The guidance also confirms that the purpose declared at application is binding throughout the study lifecycle. Data accessed for scientific research cannot subsequently be reused for marketing activities. This reinforces why companies need to define their comparative effectiveness question—in our view, through a target trial protocol—before approaching an HDAB, not after.

Neither TEHDAS2 nor the EHDS Regulation describes how companies are supposed to navigate this. Preliminary data discovery—catalogue-level information about what datasets exist—is available under EHDS without a formal permit. But catalogue entries confirm that a dataset exists, not that it contains the specific variables, at the required granularity, for the patient population and follow-up period a target trial demands. The gap between what a catalogue describes and what a data holder can actually extract is precisely what the D6.1 maturity framework documents. Closing that gap requires the ability to interrogate patient-level data early enough to inform protocol design—before the protocol is locked, not after it has been submitted.

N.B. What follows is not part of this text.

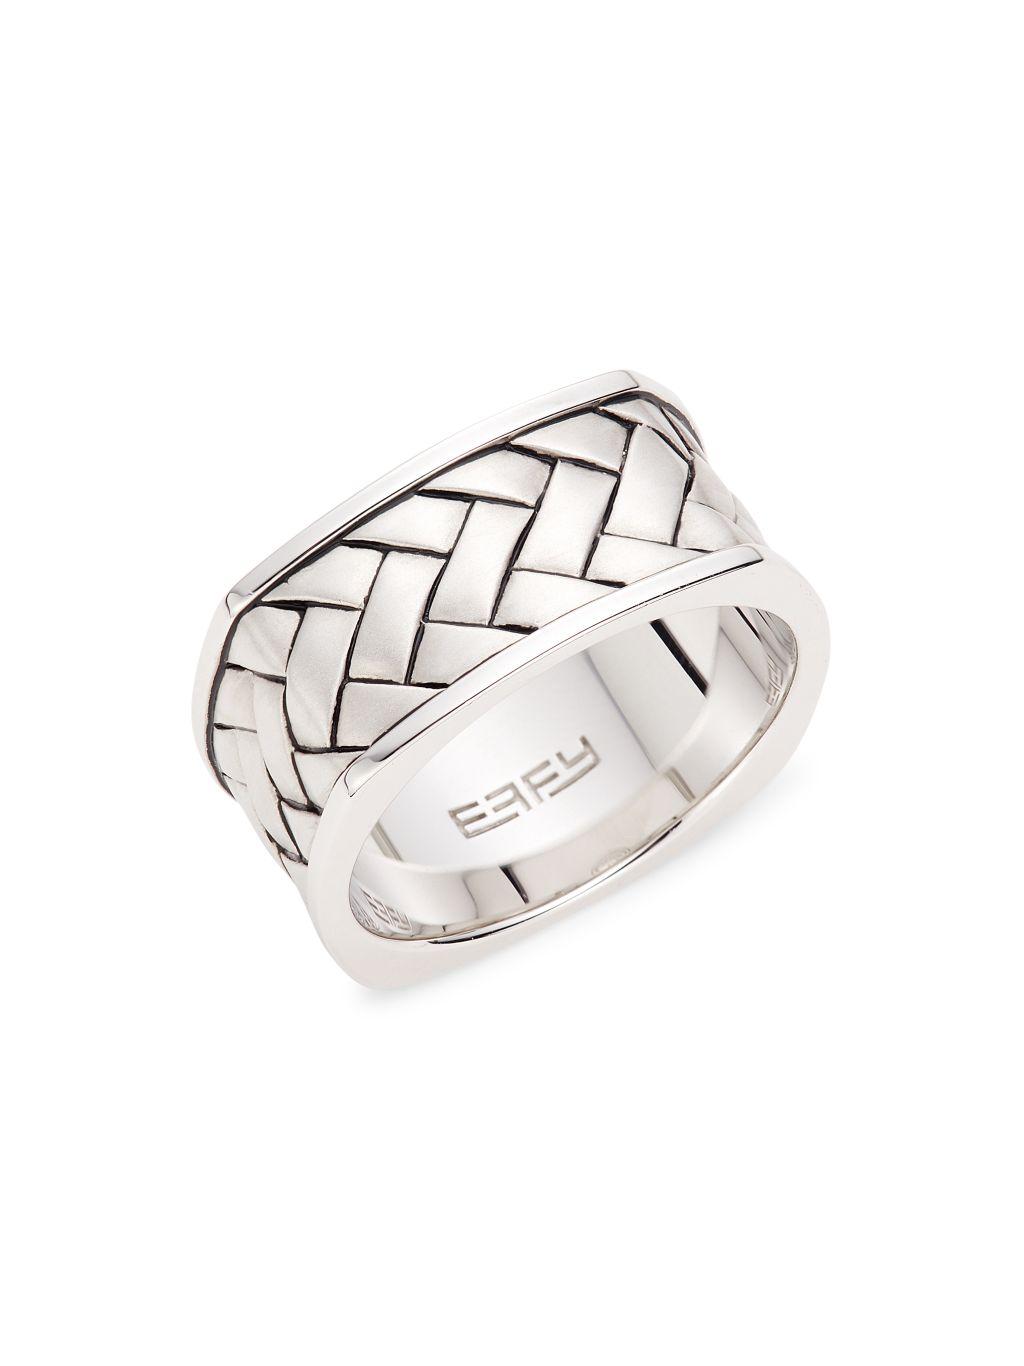 Effy Sterling Silver Band Ring

EHDS is the right long-term answer to the data access problem that target trial emulation has always faced. The new guidance is progress. But the pathway from evidence need to feasibility-confirmed, pre-specified, HDAB-approvable study protocol remains undefined. Until it is defined—whether through formal EHDS mechanisms, national HDAB guidance, or collaborative frameworks between companies and data holders—pre-specification and data access will remain two requirements that each assume the other has already been satisfied.